Evil West doesn’t save as often as you think at all, I often keep playing just to get to the next cutscene or big moment because I don’t want to repeat the last 12 minutes or so.
It’s these issues and convoluted design decisions that add unnecessary friction to a game with this style of action.
It took me about 13 hours to see the credits, missing half a dozen or so collectibles. If you’re looking for every bag of money or piece of knowledge, I think you’ll need an hour or so to go through it. I’m more and more drawn to shorter games these days, but I doubt everyone interested in Evil West will see it that way. However, Flying Wild Hog apparently wants you to replay every level.
You can easily restart missions from the menu, and the game clearly shows which collectibles you missed so you can go back and get them. I think people who are attracted to the game’s combat will choose the New Game+ game, or start the game on a higher difficulty in a separate save slot.
If you manage to convince a friend to buy it, you can play the game together in co-op mode, but there’s no matchmaking or crossplay, so your only option is to pull a friend and buy something that isn’t cheap. That’s already a hard sell, especially when you learn that only the mainframe can make progress.

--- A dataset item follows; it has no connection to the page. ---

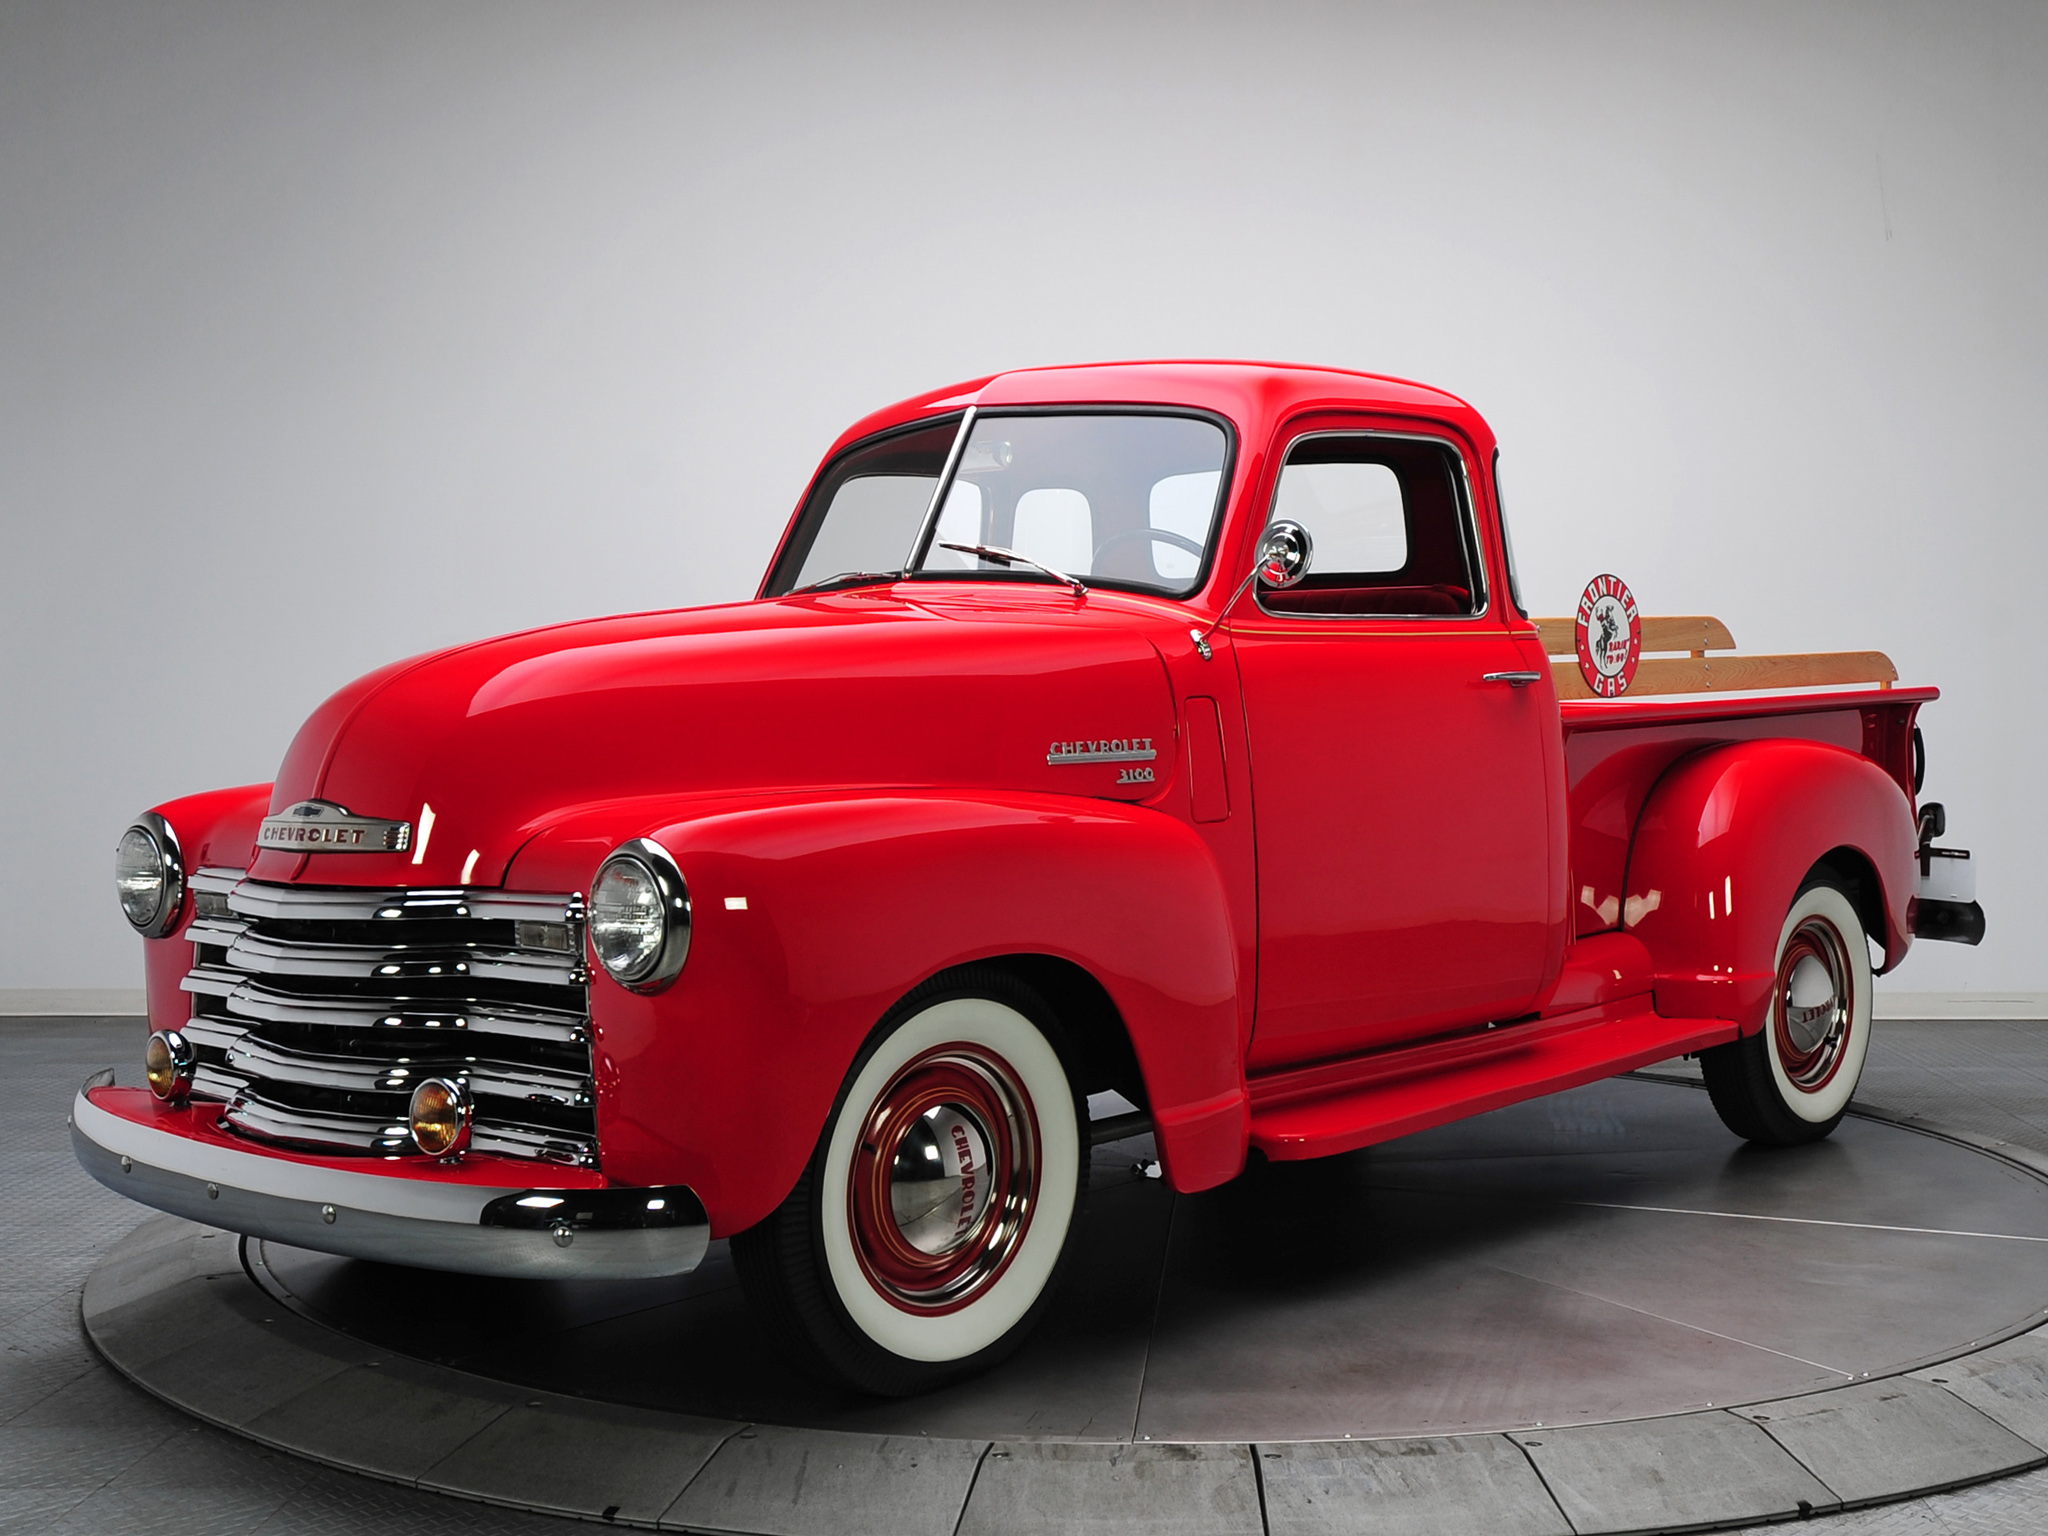  download chevy pickup Chevrolet Wallpapers Chevrolet 3100 2048x1536

Whatever your opinion of Evil West, the asking price of $50/$60 is too much for what’s on offer: the very nature of its level design, limited enemy variety, and memorable story get in the way of your enjoyment, Even if you’re only there to fight. As appealing as it is, the action doesn’t make up for Evil West’s shortcomings elsewhere.
Wicked West opens tomorrow, November 22.
Test version: PC. Check out the code provided by the publisher. Also works with PS4, PS5, Xbox One and Xbox Series X/S.